=== Section Start ===

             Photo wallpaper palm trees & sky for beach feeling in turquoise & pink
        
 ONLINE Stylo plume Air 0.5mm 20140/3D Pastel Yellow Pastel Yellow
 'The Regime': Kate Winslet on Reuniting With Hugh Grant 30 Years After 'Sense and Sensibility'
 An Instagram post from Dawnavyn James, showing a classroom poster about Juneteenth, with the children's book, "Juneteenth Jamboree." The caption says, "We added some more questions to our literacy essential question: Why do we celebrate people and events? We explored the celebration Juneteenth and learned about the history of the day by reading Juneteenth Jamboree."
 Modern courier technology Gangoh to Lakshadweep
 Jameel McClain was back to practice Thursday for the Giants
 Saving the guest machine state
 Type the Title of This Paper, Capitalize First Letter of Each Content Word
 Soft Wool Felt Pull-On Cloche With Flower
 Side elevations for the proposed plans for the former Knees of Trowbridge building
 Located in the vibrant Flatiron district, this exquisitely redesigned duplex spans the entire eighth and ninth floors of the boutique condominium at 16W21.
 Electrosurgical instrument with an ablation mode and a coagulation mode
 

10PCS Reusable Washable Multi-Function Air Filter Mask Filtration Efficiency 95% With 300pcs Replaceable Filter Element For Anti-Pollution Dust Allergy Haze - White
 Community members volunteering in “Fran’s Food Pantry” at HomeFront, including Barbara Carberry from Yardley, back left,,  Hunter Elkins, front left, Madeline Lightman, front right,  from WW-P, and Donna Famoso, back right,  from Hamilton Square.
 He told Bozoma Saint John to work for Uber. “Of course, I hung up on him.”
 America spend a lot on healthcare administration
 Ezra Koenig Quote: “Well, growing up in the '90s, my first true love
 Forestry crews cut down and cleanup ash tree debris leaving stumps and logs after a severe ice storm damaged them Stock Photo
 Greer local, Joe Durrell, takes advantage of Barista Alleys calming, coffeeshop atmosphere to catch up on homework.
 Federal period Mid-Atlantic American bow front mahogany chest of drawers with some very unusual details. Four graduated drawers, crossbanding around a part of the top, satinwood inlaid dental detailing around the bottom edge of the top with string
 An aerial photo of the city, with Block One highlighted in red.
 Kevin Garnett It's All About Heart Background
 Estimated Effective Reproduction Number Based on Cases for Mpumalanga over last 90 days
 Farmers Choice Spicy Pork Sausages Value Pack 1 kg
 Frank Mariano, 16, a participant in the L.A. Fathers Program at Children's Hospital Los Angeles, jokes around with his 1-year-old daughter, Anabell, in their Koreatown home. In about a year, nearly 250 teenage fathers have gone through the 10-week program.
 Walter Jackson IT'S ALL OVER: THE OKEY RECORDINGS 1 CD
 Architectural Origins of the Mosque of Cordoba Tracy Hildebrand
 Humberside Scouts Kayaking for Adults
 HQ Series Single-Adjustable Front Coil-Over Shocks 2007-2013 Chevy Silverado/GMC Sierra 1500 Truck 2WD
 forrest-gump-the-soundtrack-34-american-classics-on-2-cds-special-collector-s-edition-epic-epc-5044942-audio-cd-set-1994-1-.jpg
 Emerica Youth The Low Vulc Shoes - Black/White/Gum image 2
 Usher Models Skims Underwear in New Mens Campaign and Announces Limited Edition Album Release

=== Section End ===

Word for word, reproduce the listing above from its start up to and including the line that has "Soft Wool Felt Pull-On Cloche With Flower". Give only those lines.

             Photo wallpaper palm trees & sky for beach feeling in turquoise & pink
        
 ONLINE Stylo plume Air 0.5mm 20140/3D Pastel Yellow Pastel Yellow
 'The Regime': Kate Winslet on Reuniting With Hugh Grant 30 Years After 'Sense and Sensibility'
 An Instagram post from Dawnavyn James, showing a classroom poster about Juneteenth, with the children's book, "Juneteenth Jamboree." The caption says, "We added some more questions to our literacy essential question: Why do we celebrate people and events? We explored the celebration Juneteenth and learned about the history of the day by reading Juneteenth Jamboree."
 Modern courier technology Gangoh to Lakshadweep
 Jameel McClain was back to practice Thursday for the Giants
 Saving the guest machine state
 Type the Title of This Paper, Capitalize First Letter of Each Content Word
 Soft Wool Felt Pull-On Cloche With Flower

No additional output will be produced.